* [REQUIRED WORK]
What is needed is a verbatim copy of the data, minus the pictures.

* [GIVEN MATERIAL]
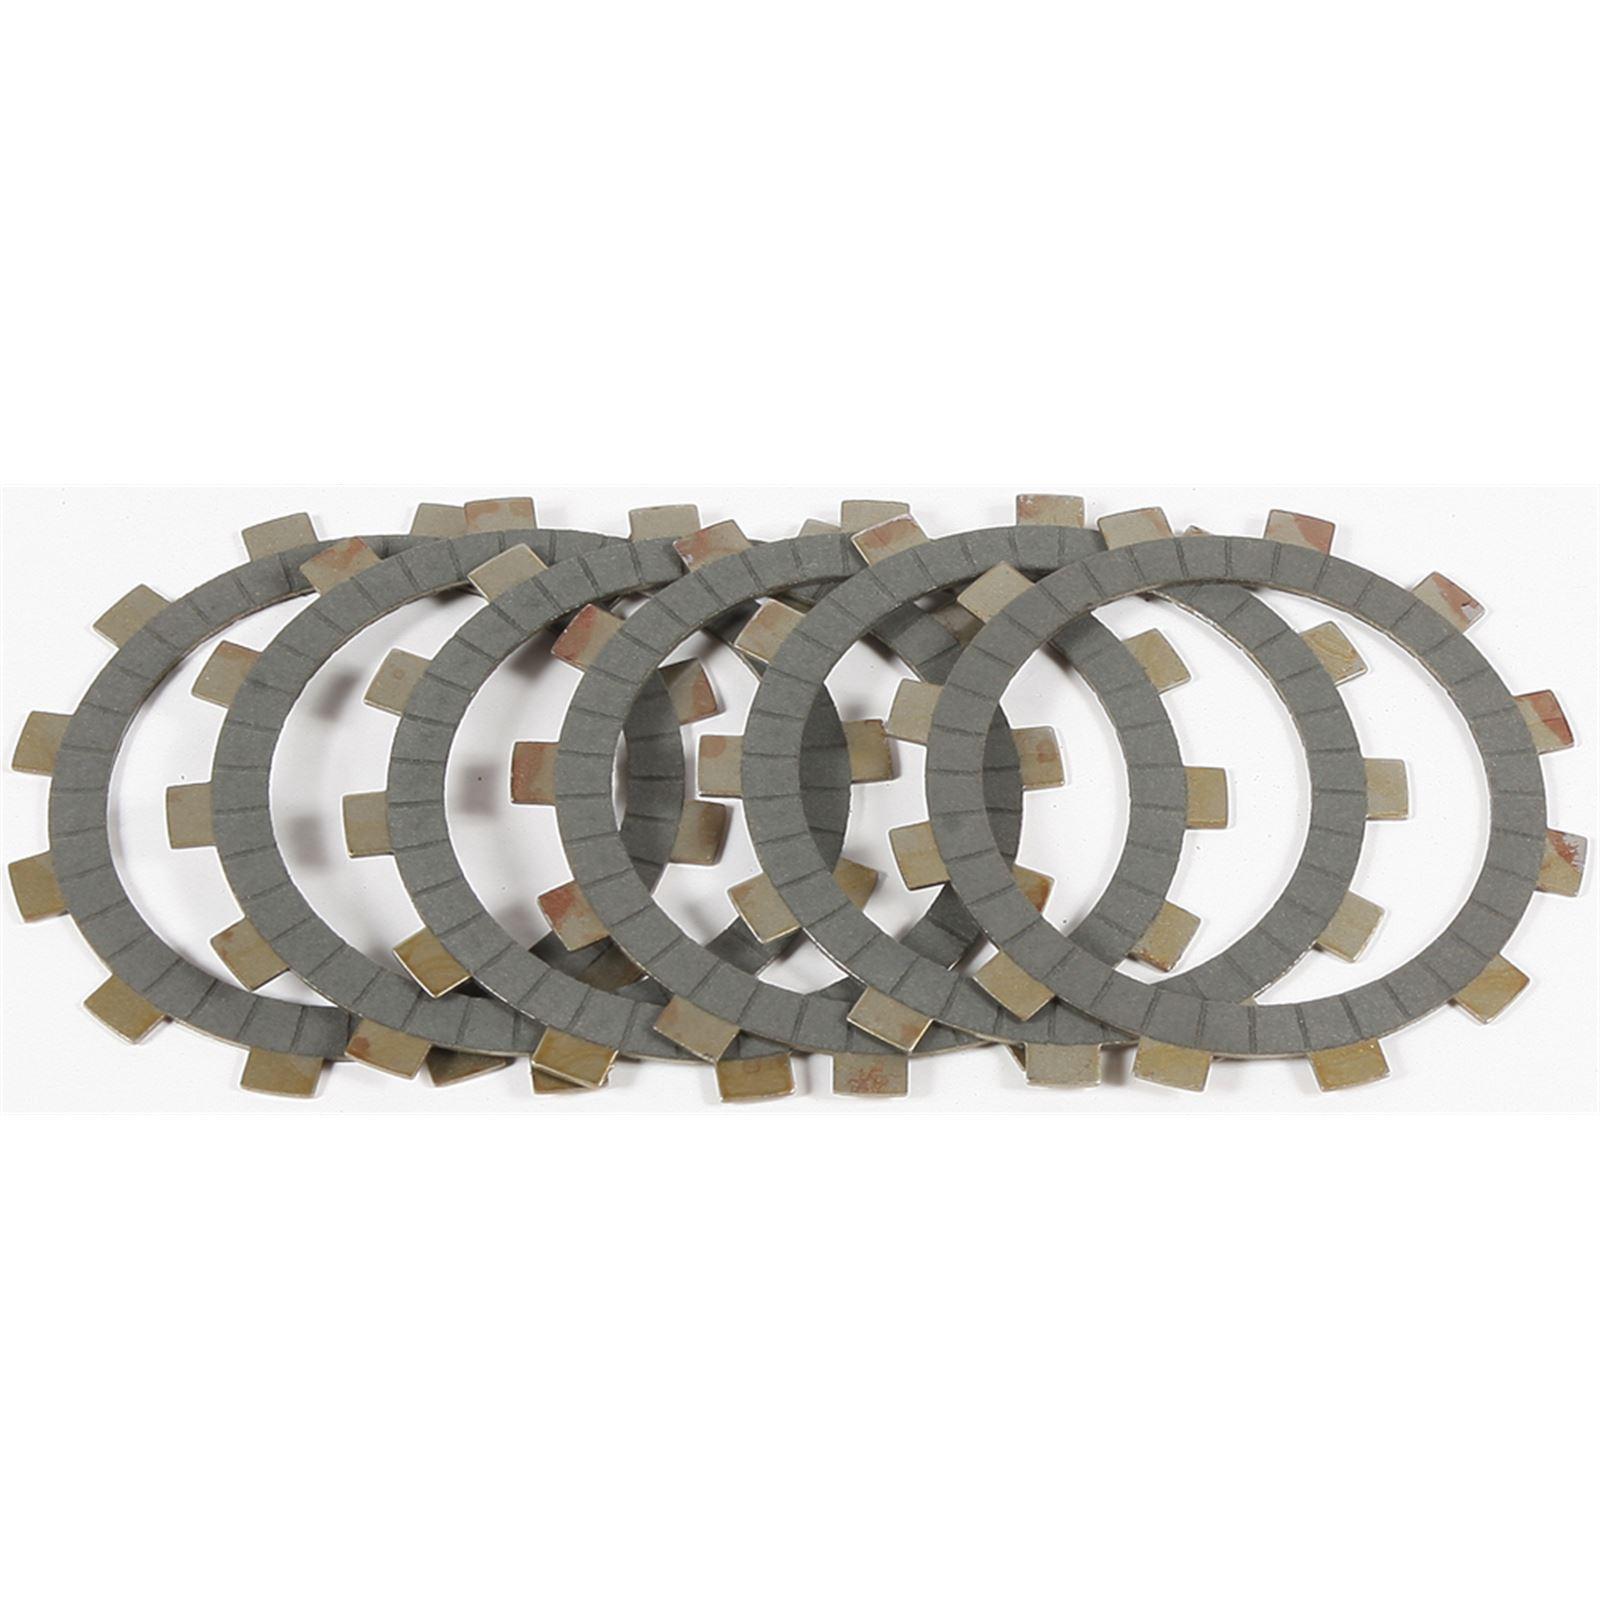 EBC Carbon Fiber Clutch Friction Plates
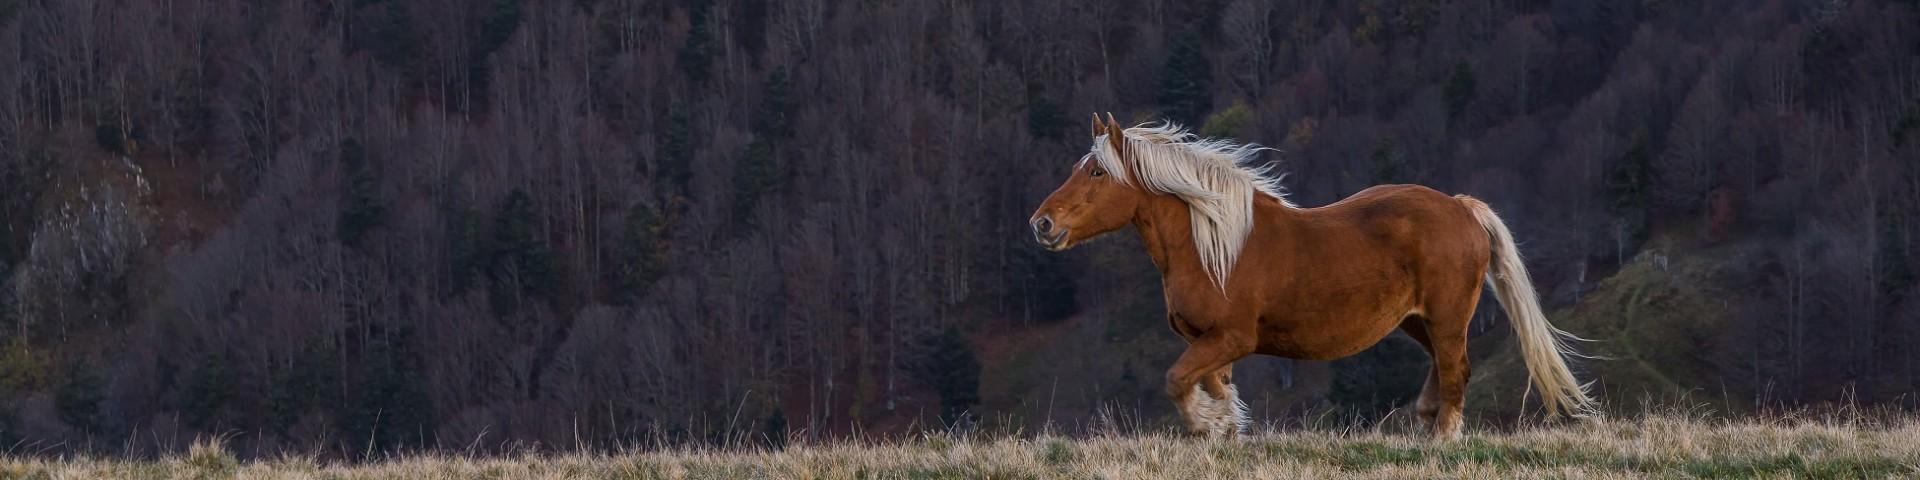 chevaux221-001-dominique-steinel-2726
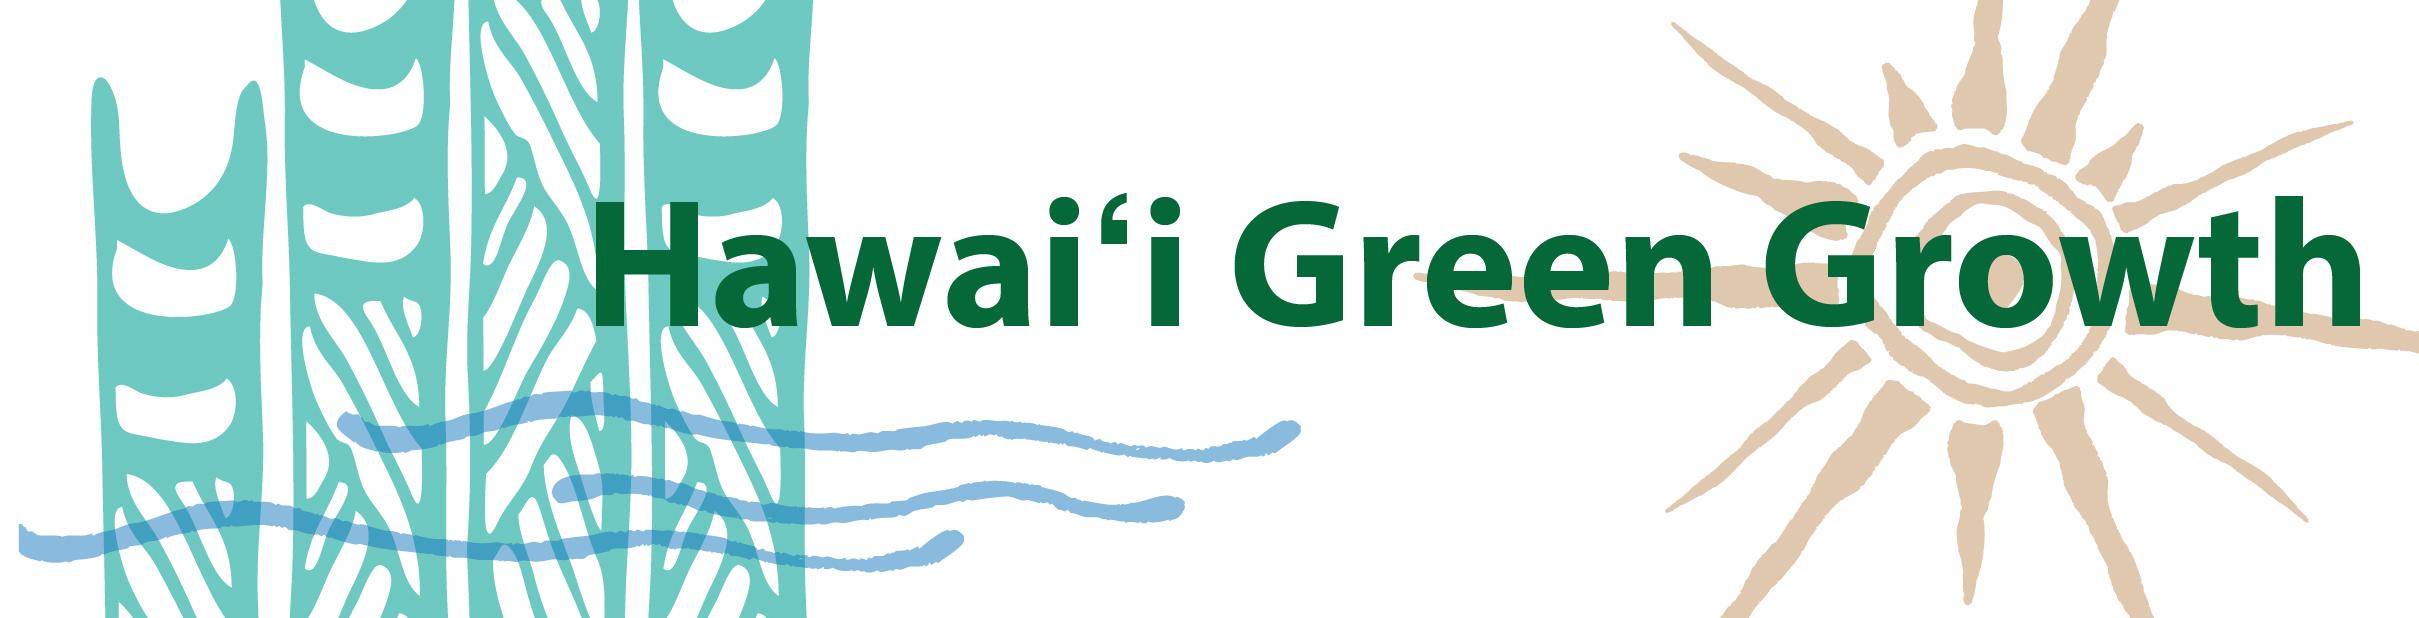 Hawaii Green Growth Logo

* [EXPECTED ANSWER]
 EBC Carbon Fiber Clutch Friction Plates
 chevaux221-001-dominique-steinel-2726
 Hawaii Green Growth Logo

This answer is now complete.